Жена Ильи сделала страшные глаза, я тут же вспомнил ее инструкцию и попытался исправить положение:

— Кто бы другой так и назвал эту картошку. С виду вроде комильфо, но я-то вижу, что овощи перезрелые. Похоже, с куста упали, бока примятые.

— Чего ругаешься? — обиделась продавщица. — Какая такая комильфа? С синеглазкой стою, уже три мешка с утра сбагрила.

— Ну, Ваняшка? — снова обратилась ко мне Таня. — Говори свое хозяйское, мужское слово. Надо ли нам это дерьмо брать, или пойдем вон к той бабушке? У нее и цена меньше заявлена.

— Дерьмо однозначно покупать не стоит, — отрезал я. — Оно нам стопроцентно не понадобится.

— Сам ты с куста свалился! — побагровела баба за прилавком. — Заявился, шуткуешь по-глупому…

— Двигаем отсюда, Ваняшка, — распорядилась Татьяна. — Коли у человека чувства юмора нет, то и еёшная продукция ваще гадость несъедобная, пластиковая, как ведро.

— Еёшная? — повторил я. — Таня, кто такой Еёш?

Она рассмеялась.

— Ну, Ваняшка, ты сегодня зажигаешь, настроение прямо с плинтуса поднял. Весело с тобой. Почапали к старухе. Или нет, лучше к деду, евошная морква радостная, шикардос просто. За такую и десятку переплатить не жаль.

И только сейчас меня осенило: Еёш и Евош — это не имена людей. Притяжательные местоимения «его» и «ее» в интерпретации Тани произносятся как «евошный» и «еёшная», никогда ни от кого ранее мною не слышанные слова!

Таня схватила меня за рукав и дернула, я покорно двинулся за ней.

— Эй, стойте! — занервничала торговка. — Куда подались? Дед перекупщик, берет у людёв за копейку гнилье, потом им торгует. А бабка всем тут рассказывала, что грядки на заброшенном кладбище вскопала. Ладно, скину я тебе пятерку, бери у меня.

— Десятку, — уперлась Татьяна.

Продавщица сосредоточенно погрызла ноготь на большом пальце и приняла решение:

— А, горит озеро, гори и рыба… Восемь сброшу.

— Девять, — слегка уступила Таня. — Из жалости к тебе соглашаюсь. Стоишь туточки, с утреца маешься не пивши, не евши. Не от хорошей жизни на кагане топчешься. У кого биография удачная, тот сейчас кофе на диване пьет. Слышь, а че тут у тебя спортивный костюм делает? Продаешь?

— Не, мужику купила. Вещь шикарная, стоила смешно, а качество лучше нет, — похвасталась баба. — Хочешь — пощупай.

Таня помяла край темно-синих штанов жуткого вида.

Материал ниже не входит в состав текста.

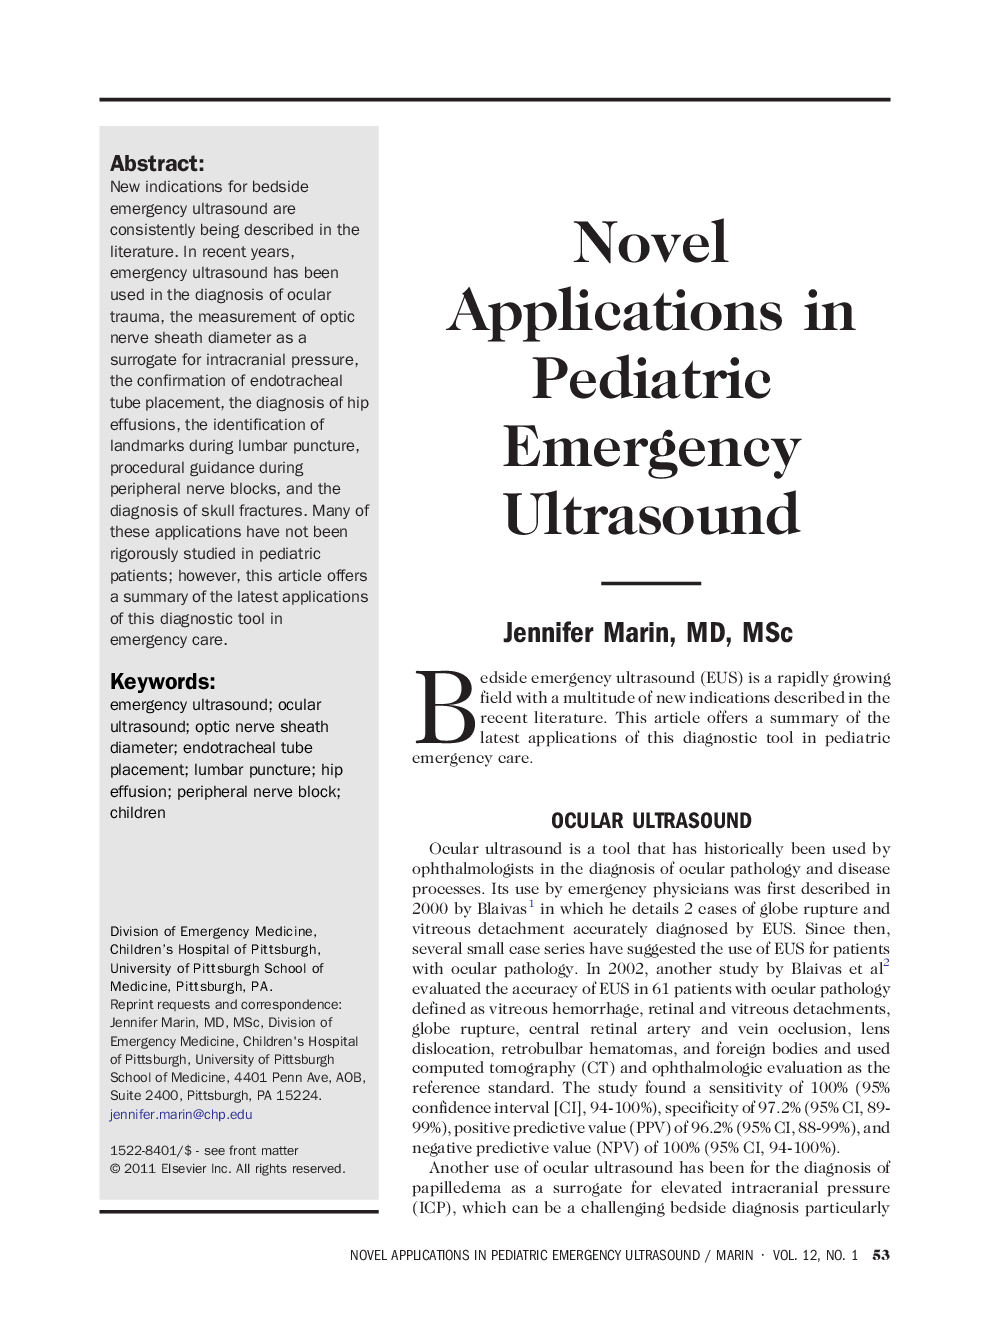 Novel Applications in Pediatric Emergency Ultrasound

Бока их украшали три белые полоски, такие же были нашиты на рукава куртки, а ее спину украшала надпись «Atdedas».

— Шикардос вещь, — одобрила моя спутница. — Если не секрет, почем брала?

— Восемьсот отсчитала! — гордо выпалила тетка.

— Дорого, — вздохнула Татьяна.

— Да ты че? — засмеялась баба, ловко накладывая картошку в пакет. — Дешевше трех тыщ такой костюм не взять. Это же фирма, в нее сборные команды России одеваются! А мне Мишка, вон тот мужик, что с рыбой стоит, подсказал, куда ехать надо — на кладбище. Тама ими торгуют.

Я попятился. Не хочется даже думать о том, откуда у людей с погоста берутся вещи.

— А у тебя душегрейка красивая, — поцокала языком торговка. — Вставочки кружевные, нынче это модно.

— Сама сделала, — улыбнулась Таня. — За два дня сгоношила. Полосочки крючком связала, потом в луковой шелухе покрасила.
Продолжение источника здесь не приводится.